Miami Beach preservation board expresses concerns over stalled Faena Versailles tower

Faena Versailles and Alan Faena
Rendering of the Faena Versailles towers and Alan Faena

In order to protect the gutted 16-story Versailles Hotel in Miami Beach from the elements, and to avoid the wrath of code enforcement, developer Alan Faena plans to wrap the entire 77-year-old building with a plain red wrap absent of logos while the development company re-evaluates its proposed renovation project.

The building during Art Basel

A wrap with the logo “CULTURE REIMAGINED Faena District” was partially blown down about a month ago, said Matthew Barnes, a consultant for Akerman LLP, the Brickell-based law firm that represents the Faena Group.

That same wrap was also installed without proper permits and violated the city’s sign ordinance, according to a May 9 report from Miami Beach planning director Tom Mooney to the city’s historic preservation board. “To the day of writing this report, the site has several open violations related to the installation [of] banners and signs,” Mooney wrote. “In addition, there is an open violation for failing to comply with the required 40-year building recertification.”

Mooney’s report pointed out that the “banner facing south was partially detached from the building on at least two recent occasions, creating a potentially hazardous condition for the public and surrounding properties within this highly dense and congested area of Collins Avenue.” And although Barnes stated that the banner was meant to protect the building, the north side of the Versailles was not covered, said Deborah Tackett, the city’s chief of historic preservation.

Faena initially sought a variance allowing the company to seek an after-the-fact permit that would allow his contractors to wrap the building with red material that includes a Faena logo. That request, however, was withdrawn during Tuesday’s meeting. Instead, the historic preservation board, by a 5 to 1 vote, approved a variance that would allow decorative red banners with “Faena” logos to remain on ground-level fences on the north and east sides of the property.

Board members were more concerned with Faena postponing his plans to transform the Versailles Hotel, originally built in 1940 and designed by architect Roy France, into a condominium.

Empty since 2011, the Versailles Hotel at 3425 Collins Avenue was among several properties the Argentine developer purchased between 32nd and 36th streets along Collins Avenue for his Faena District.
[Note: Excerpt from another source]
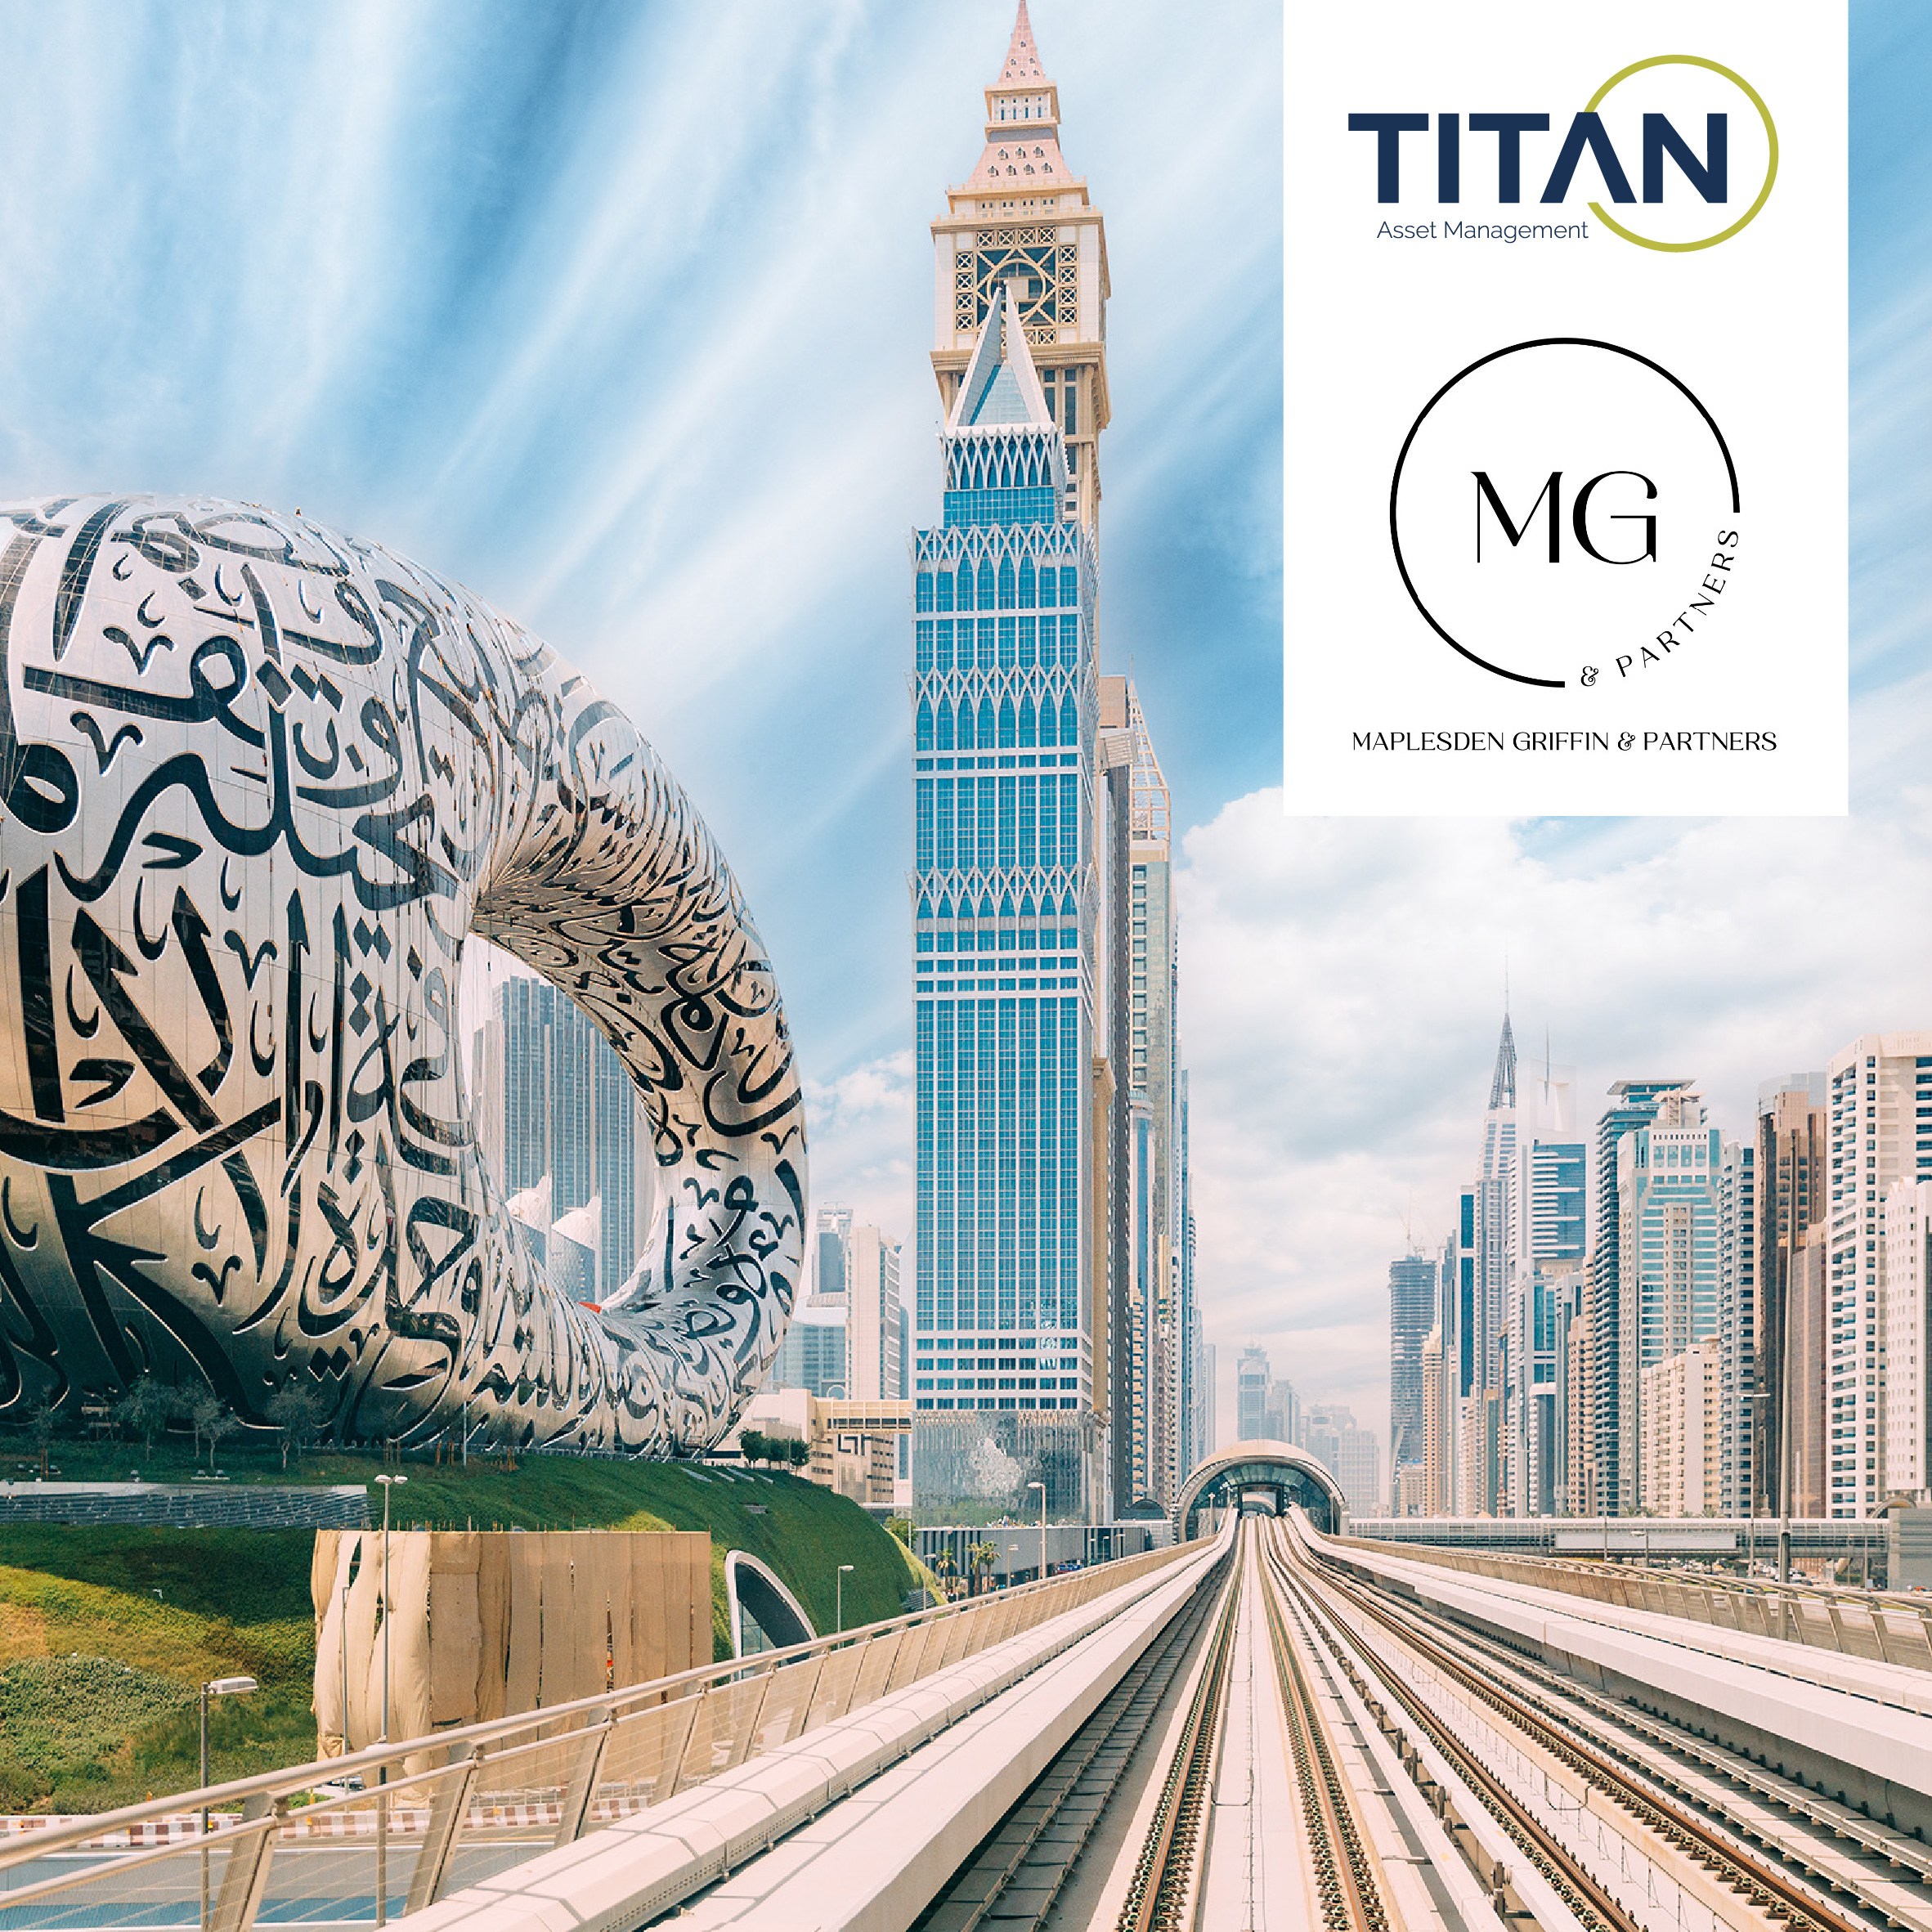 Titan Asset Management announces partnership with Maplesden Griffin & Partners

Faena House, a luxury condo tower, the Faena Miami Beach Hotel and the Faena Forum arts complex, have already been completed. The Faena Bazaar retail building and a parking garage are under construction.

In April 2015, Faena announced that he would convert the old Versailles Hotel into a 22-unit condo called the Faena Versailles Classic. A new 16-story condo tower designed by architect Brandon Haw, now called Faena Mar, would be constructed on an empty lot just south of Versailles. Renovation work at the Versailles, including the demolition of a circa-1955 edition and the removal of walls, commenced and was due to be completed in mid-2018.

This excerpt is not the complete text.